Problem to work on:
Write out exactly the lines from the one with "Penknife on white" through the last line of the data below, but not the pictures.

Data below:
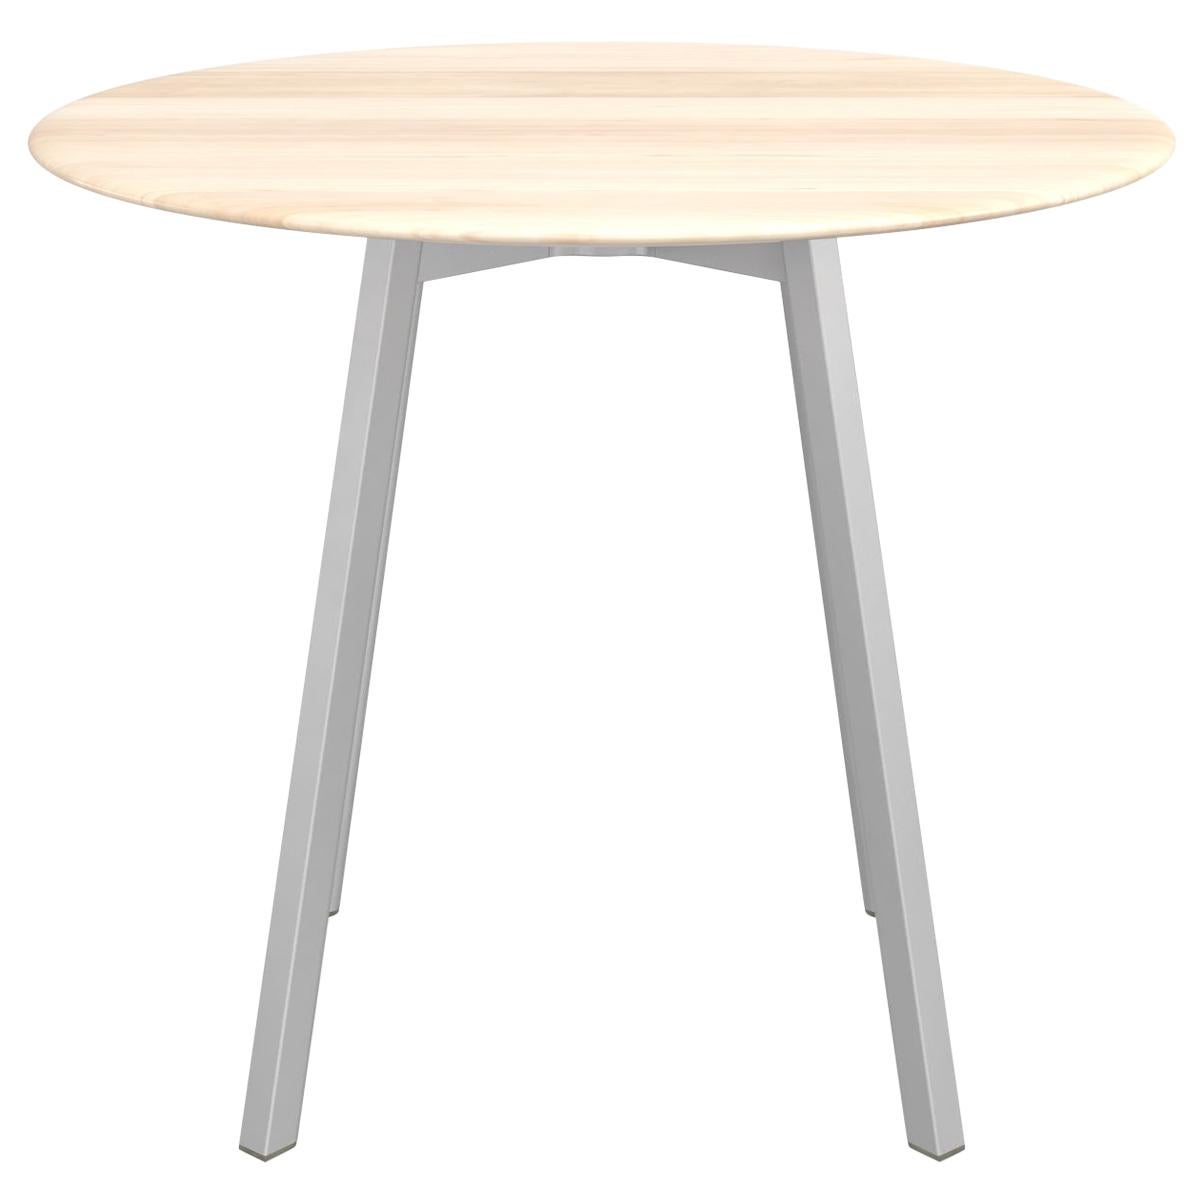 Emeco Su Large Round Cafe Table with Anodized Aluminum Frame & Wood Top by Nendo For Sale
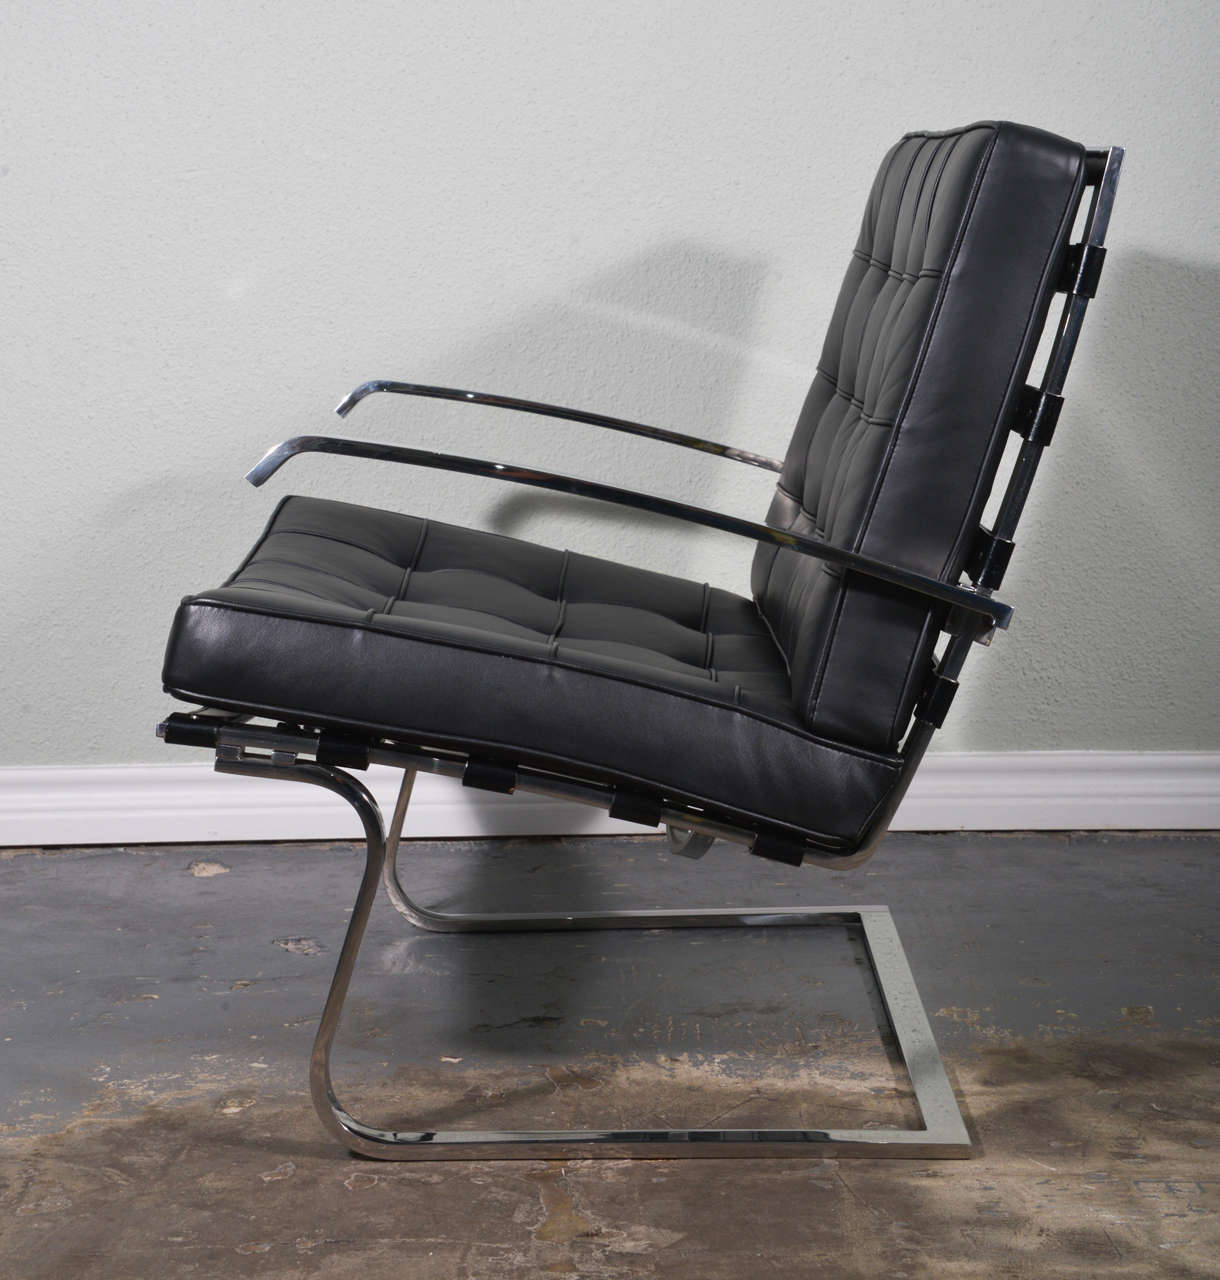 American Ludwig Mies van der Rohe Tugendhat lounge chair by Knoll
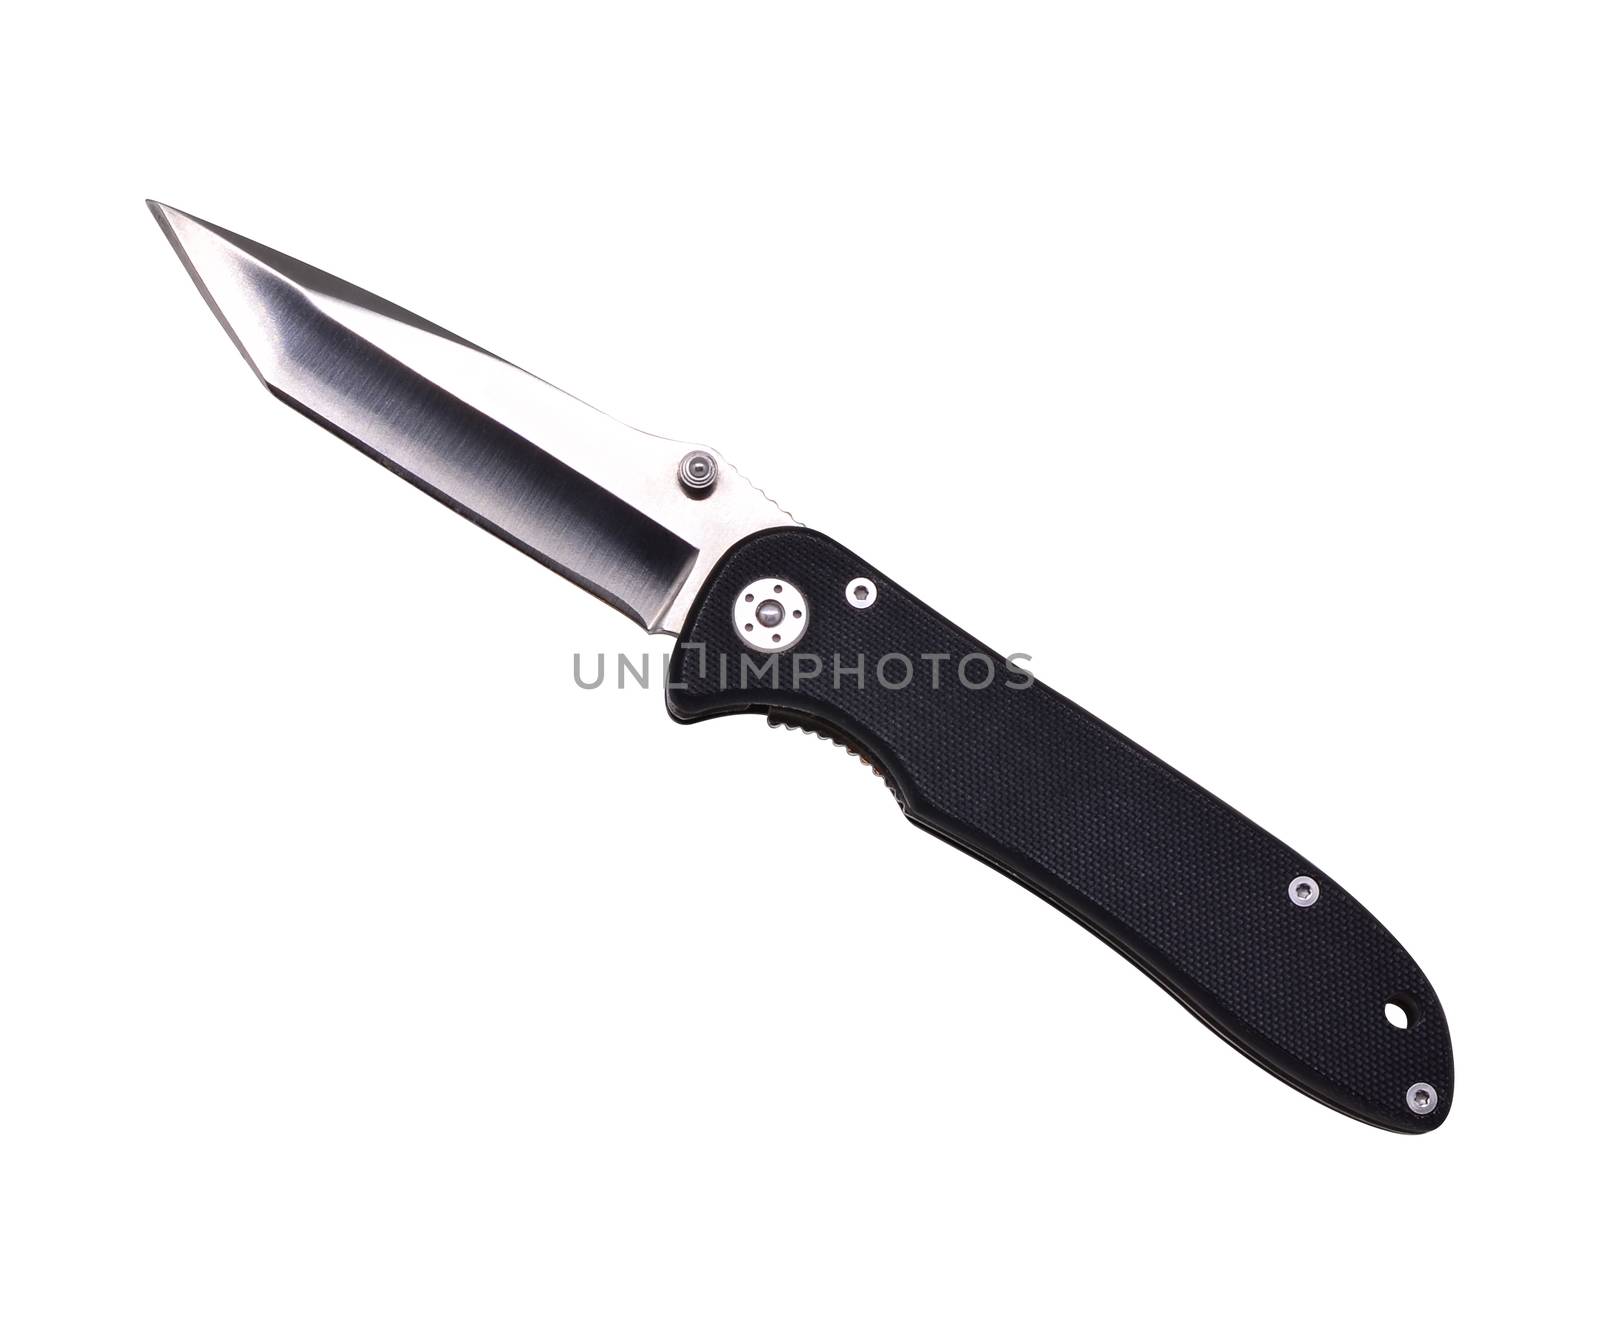 Penknife on white background clipping path by phochi
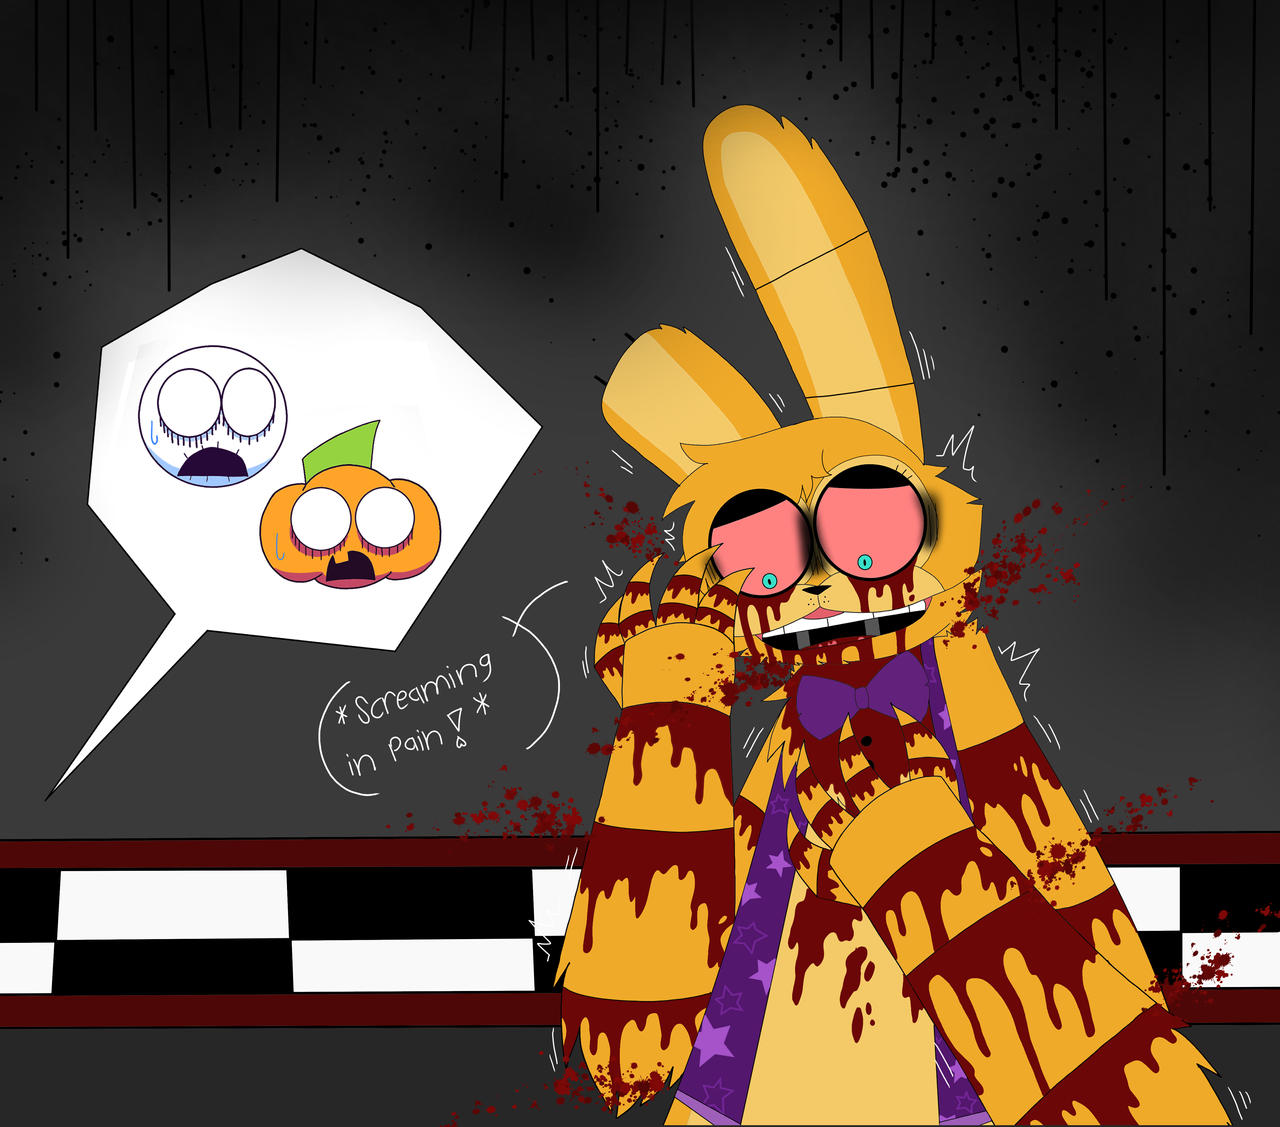 FNAF What If Abby Died in the FNAF Movie? by CinTanGallery on DeviantArt

Result for this task:
 Penknife on white background clipping path by phochi
 FNAF What If Abby Died in the FNAF Movie? by CinTanGallery on DeviantArt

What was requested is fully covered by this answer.